What you return should be the full listing, copied exactly and stripped of its pictures.

Exercise data:
╔══

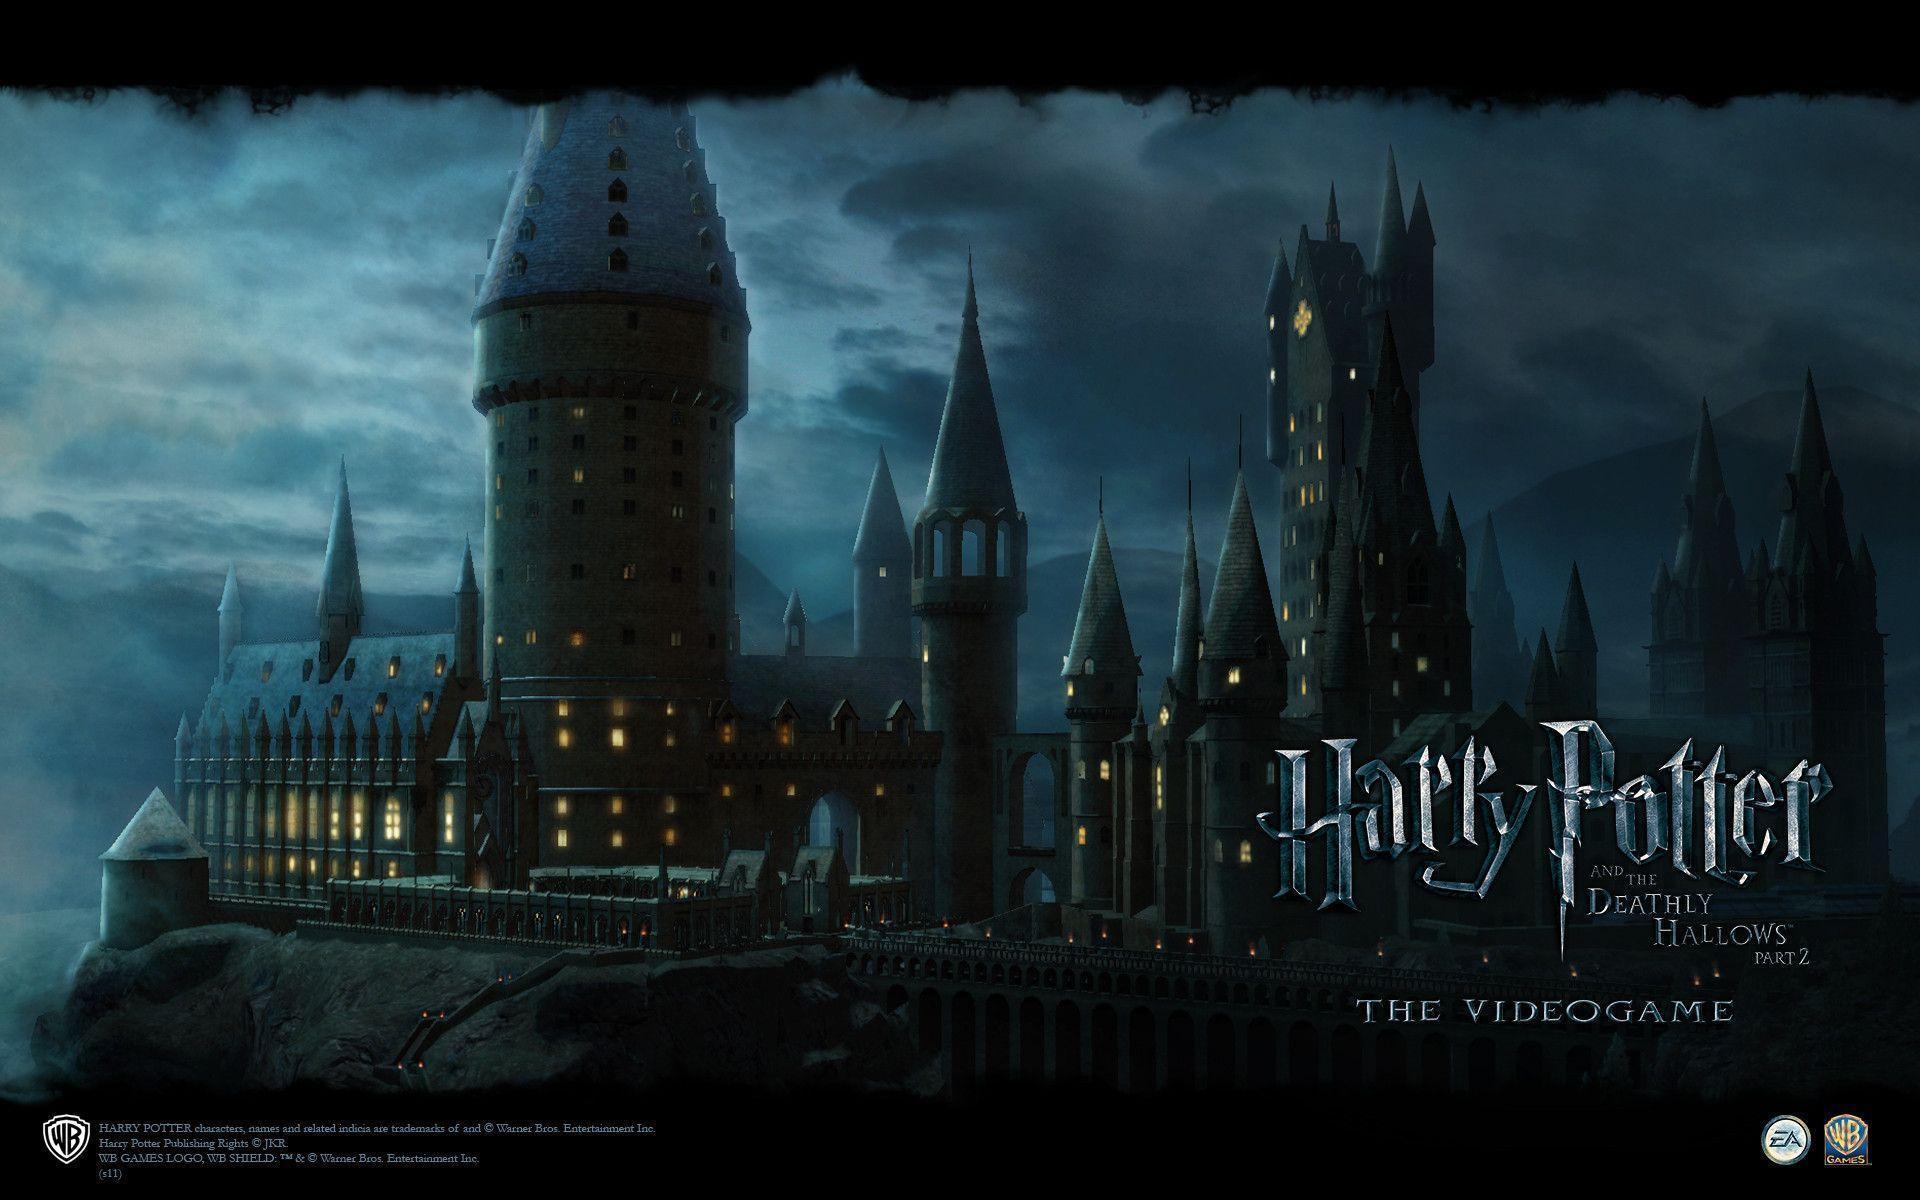 Hogwarts Wallpaper from Harry Potter and the Deathly Hallows: Part
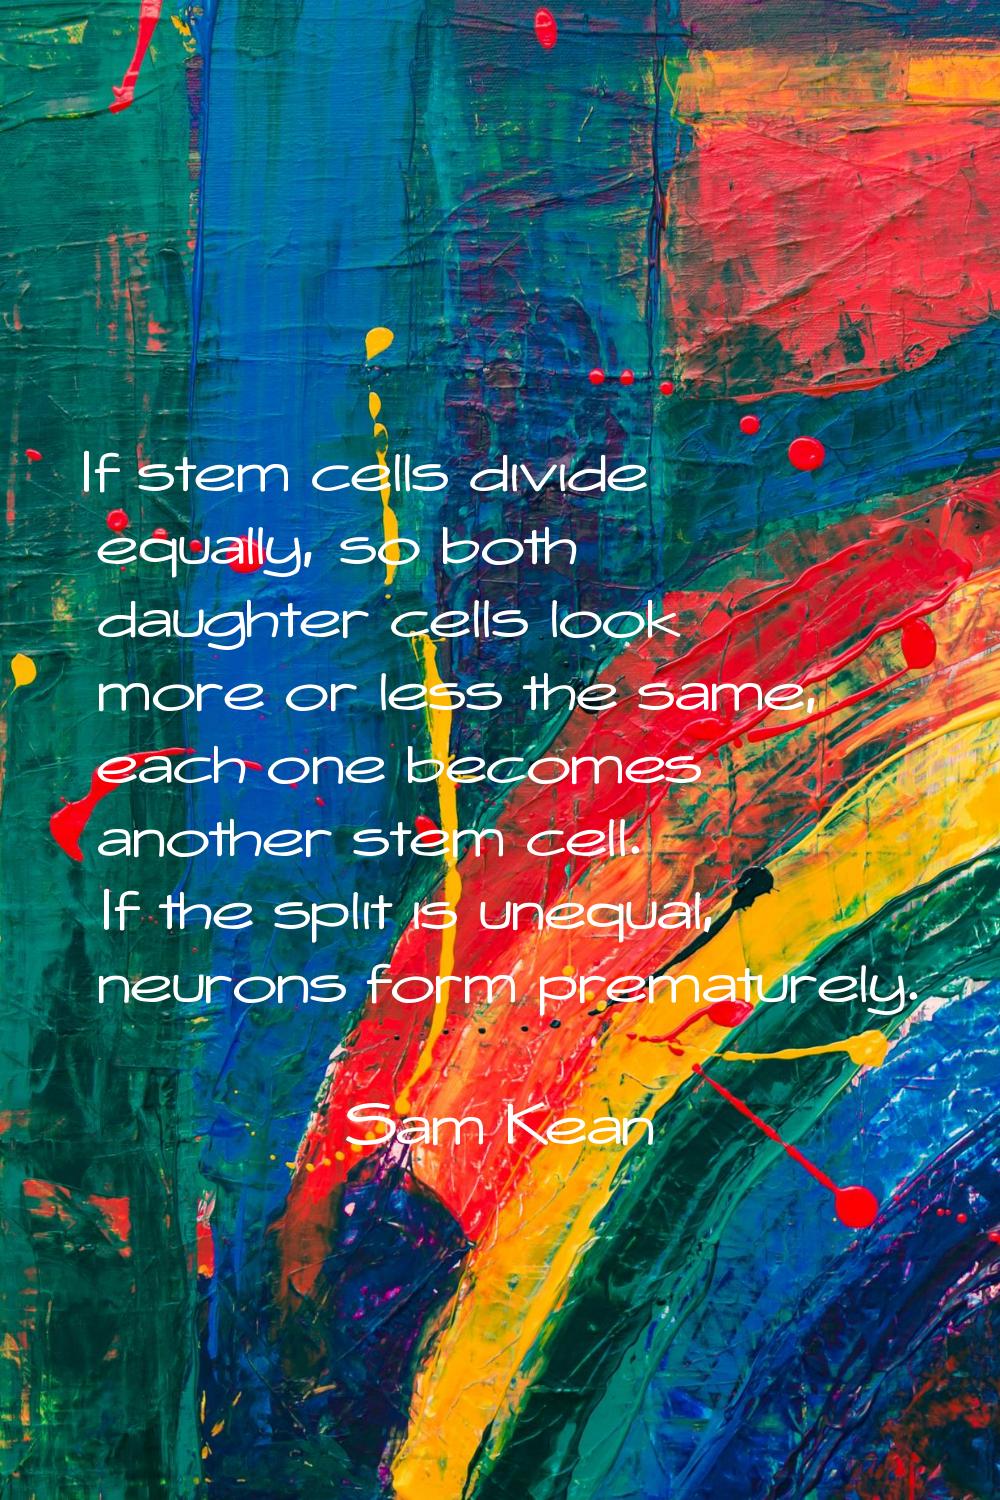 If stem cells divide equally, so both daughter cells look more or less the same, each one becomes a
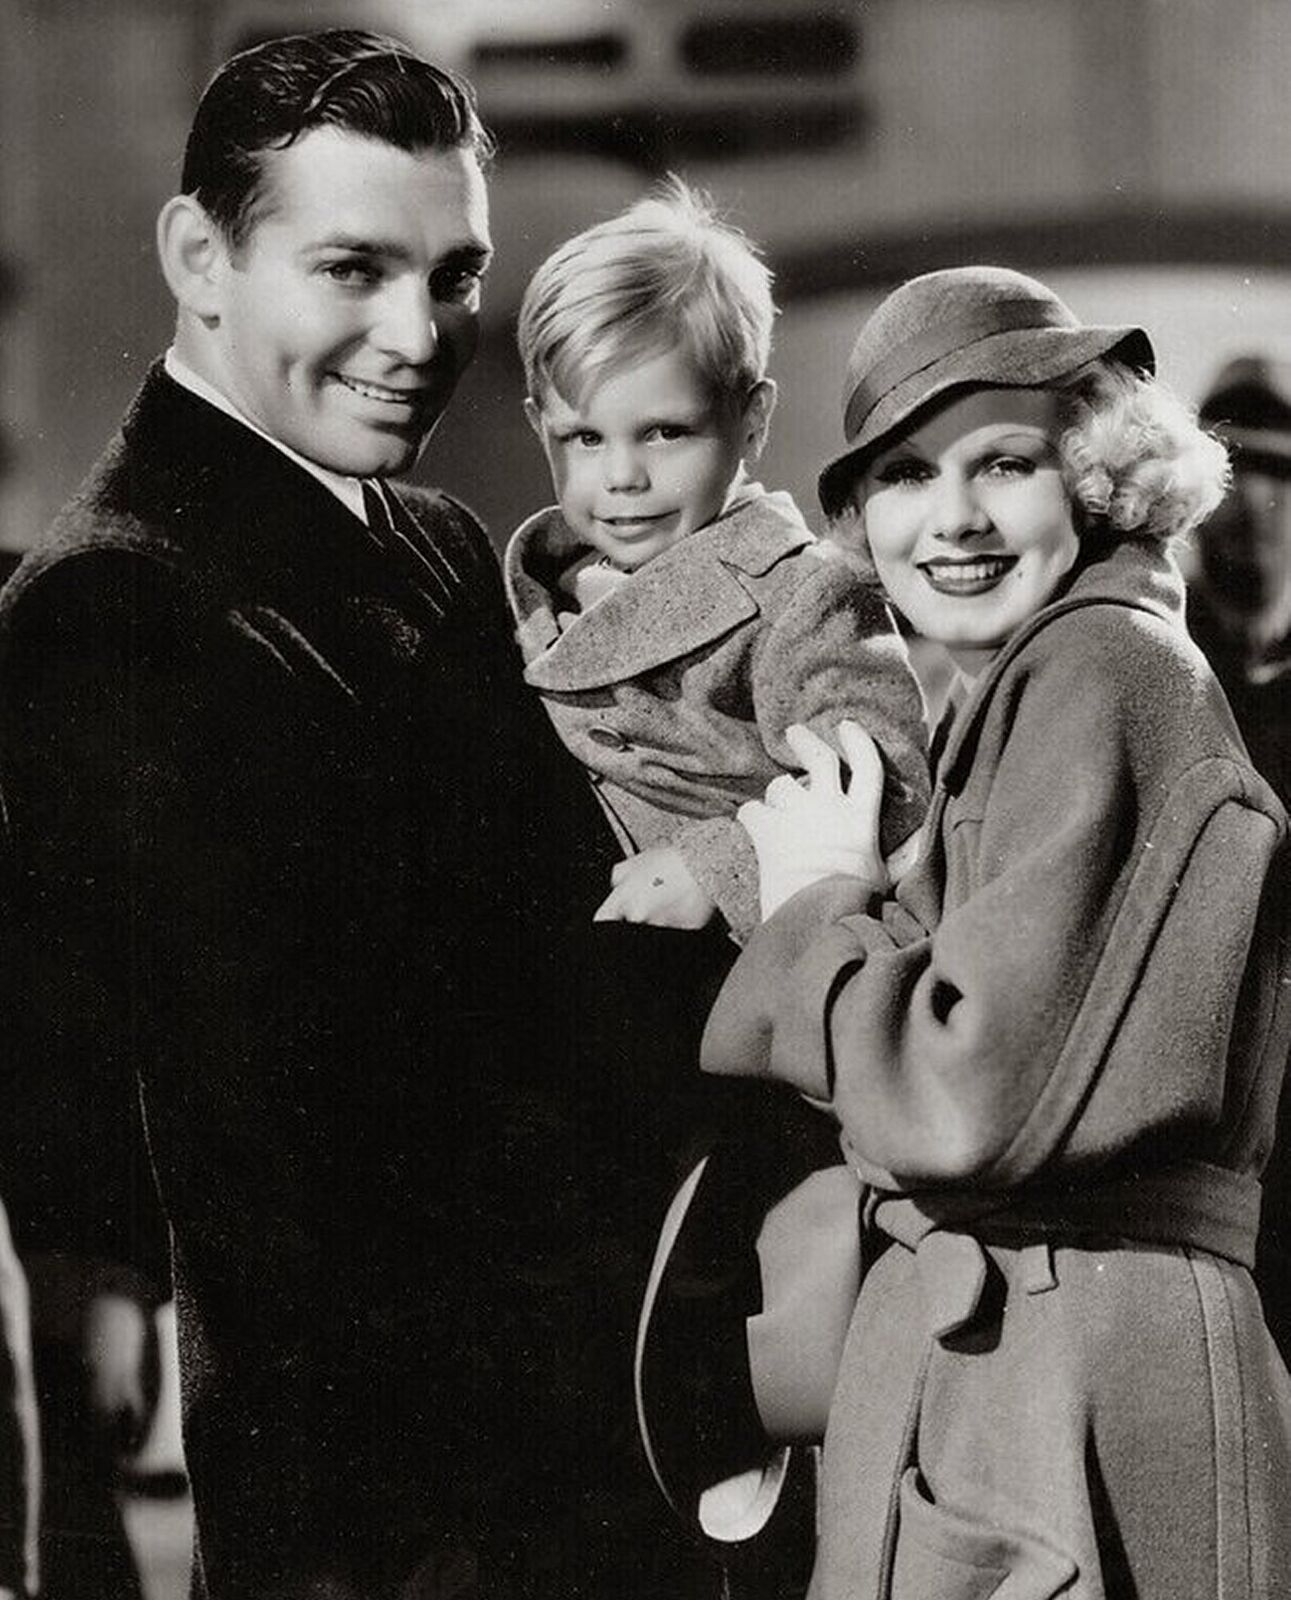 1932 CLARK GABLE & JEAN HARLOW in HOLD YOUR MAN Photo   (230-Y)

╚══

Response box:
 Hogwarts Wallpaper from Harry Potter and the Deathly Hallows: Part
 If stem cells divide equally, so both daughter cells look more or less the same, each one becomes a
 1932 CLARK GABLE & JEAN HARLOW in HOLD YOUR MAN Photo   (230-Y)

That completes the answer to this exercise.